Apple paye à nouveau sa forte dépendance à l'iPhone

L'épidémie du nouveau coronavirus risque de pénaliser les ventes d'Apple sur le marché chinois, qui représente plus de 16% de son chiffre d'affaires.

Pour la seconde fois en deux ans, des problèmes en Chine obligent Apple à lancer un avertissement sur résultats. L'annonce est toutefois sans surprise pour les analystes, qui y voient un accident de parcours temporaire.

Comme une piqûre de rappel. Le géant technologique Apple  pourrait tomber de son piédestal ce mardi en perdant sa place sur le podium des plus grandes capitalisations boursières au profit de son rival Microsoft  . La faute au nouveau coronavirus, le Covid-19. L'épidémie - qui a fait plus de 1.800 morts et infecté 70.000 personnes dans le monde - agit comme un grain de sable dans la machinerie bien huilée d'Apple et l'oblige à revoir à la baisse ses ambitions pour le deuxième trimestre de son exercice décalé.

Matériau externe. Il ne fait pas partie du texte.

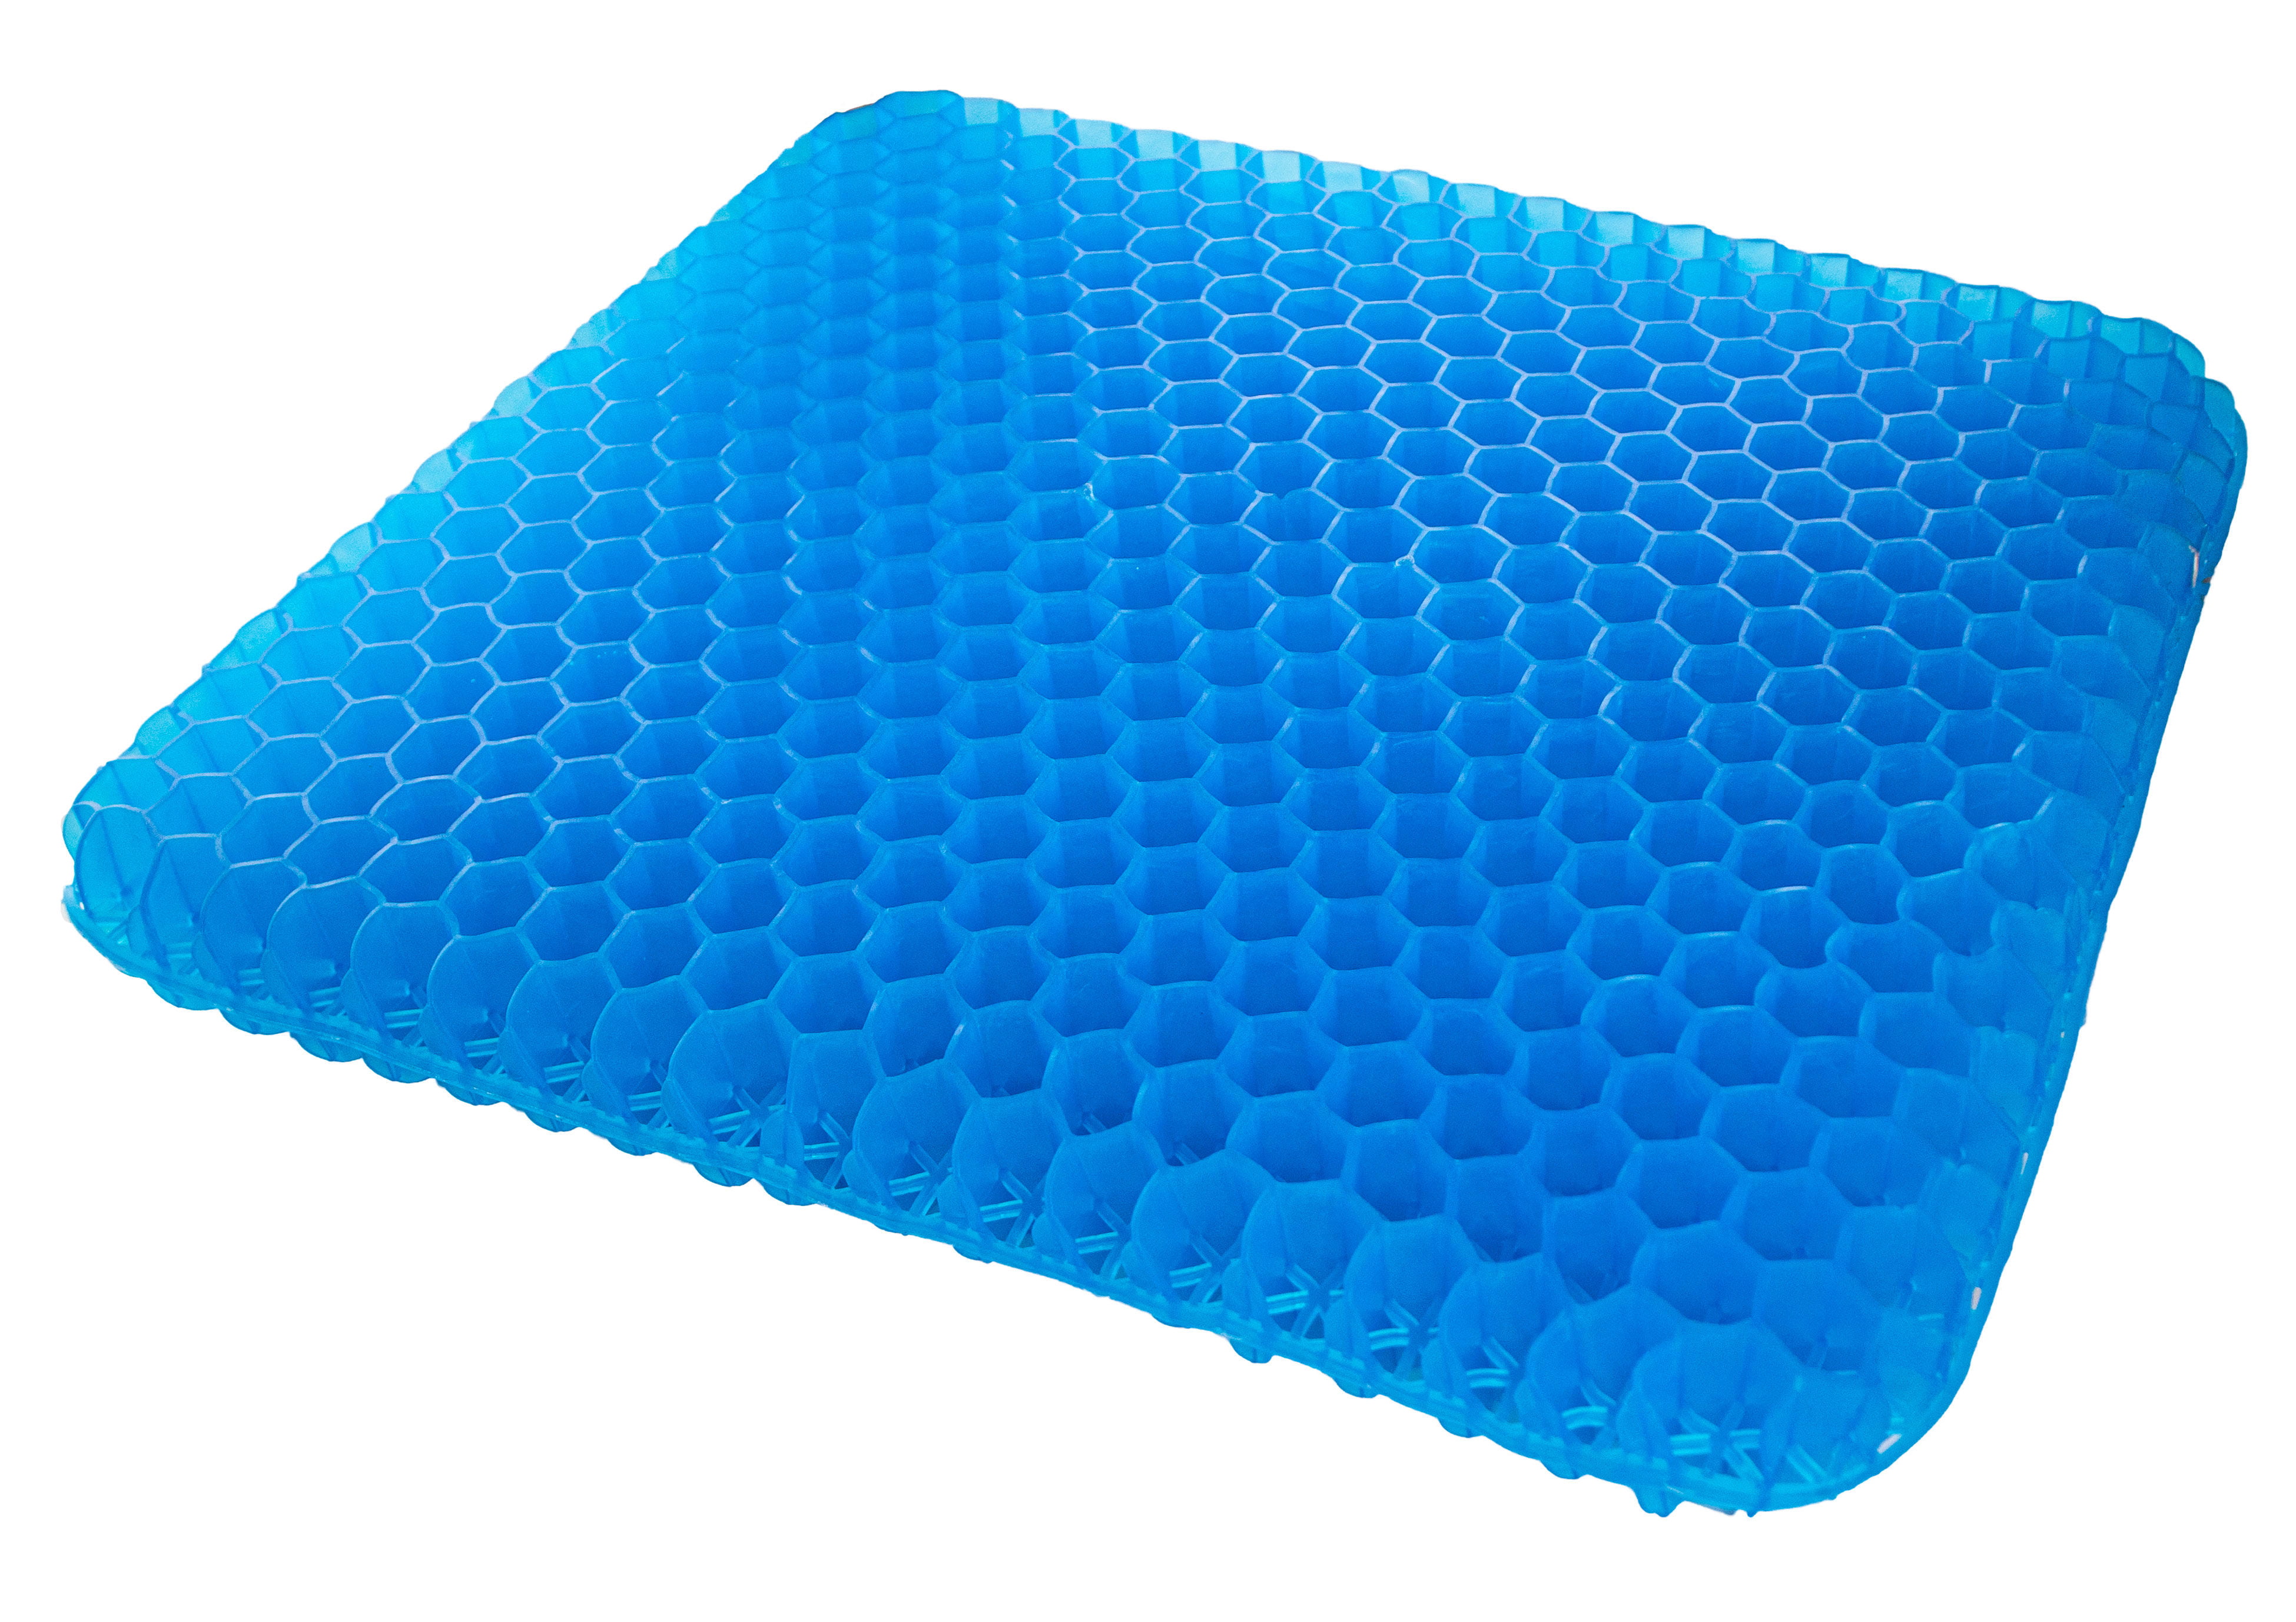 Gel Seat Cushion for Long Sitting - Portable Gel Cushion with Ergonomic  Honeycomb Design - Large Size 16 x 13 x 1.75 Gel Seat Cushions for  Pressure

"L’avertissement sur les résultats d’Apple est un regrettable rappel que, malgré tout son travail, il reste "la société iPhone"."
Alex Webb
Chroniqueur pour Bloomberg Opinion

Sans donner de nouveaux objectifs chiffrés, la société à la pomme craint ne pas être capable d'atteindre ses prévisions établies en janvier, à savoir un chiffre d'affaires entre 63 et 67 milliards de dollars. Et ce "en raison de deux principaux facteurs". Elle pointe une chaîne de production mondiale grippée et une demande chinoise affaiblie (la Chine a représenté 16,8% de son chiffre d'affaires en 2019, NDLR). "Nous vivons un retour à des conditions normales plus lent que prévu", a expliqué le CEO Tim Cook dans une lettre adressée à ses employés.

Du fait des mesures imposées par le gouvernement chinois pour contenir l'épidémie, son partenaire local Foxconn ne peut faire tourner ses usines à plein régime. Beaucoup d'analystes craignent dès lors que le lancement du nouvel iPhone prévu en mars ne soit retardé.

Pas de remise en cause à long terme

"L’avertissement sur les résultats d’Apple est un regrettable rappel que, malgré tout son travail visant à changer la perception des investisseurs au cours des dernières années, il reste "la société iPhone". (…) Et qu'il sera toujours vulnérable à la nature capricieuse de la demande des consommateurs", souligne Alex Webb, chroniqueur pour Bloomberg Opinion spécialisé dans le secteur technologique. L'iPhone a encore représenté plus de la moitié de son chiffre d'affaires (54,7%) en 2019 malgré ses efforts pour gonfler les revenus de sa division Services.

Le moindre problème peut donc coûter cher au géant américain. Selon les calculs de Bloomberg Intelligence, chaque baisse de 1% dans les ventes d'iPhone peuvent réduire le chiffre d'affaires et le bénéfice par action d'Apple de respectivement 1,5 milliard de dollars et 11 cents.

1,5
milliards de dollars
Selon Bloomberg Intelligence, chaque baisse de 1% dans les ventes d'iPhone peuvent coûter à Apple 1,5 milliards de dollars de chiffre d'affaires.

Pour autant, ce n'est pas la panique du côté des analystes. "Je pense qu'Apple reste dans une très bonne position à long terme", estime Shannon Cross, de Cross Research. À en croire certains, il s'agit plutôt d'un "accident de parcours" ou une excuse pour prendre ses bénéfices après un bond de 68% l'an dernier.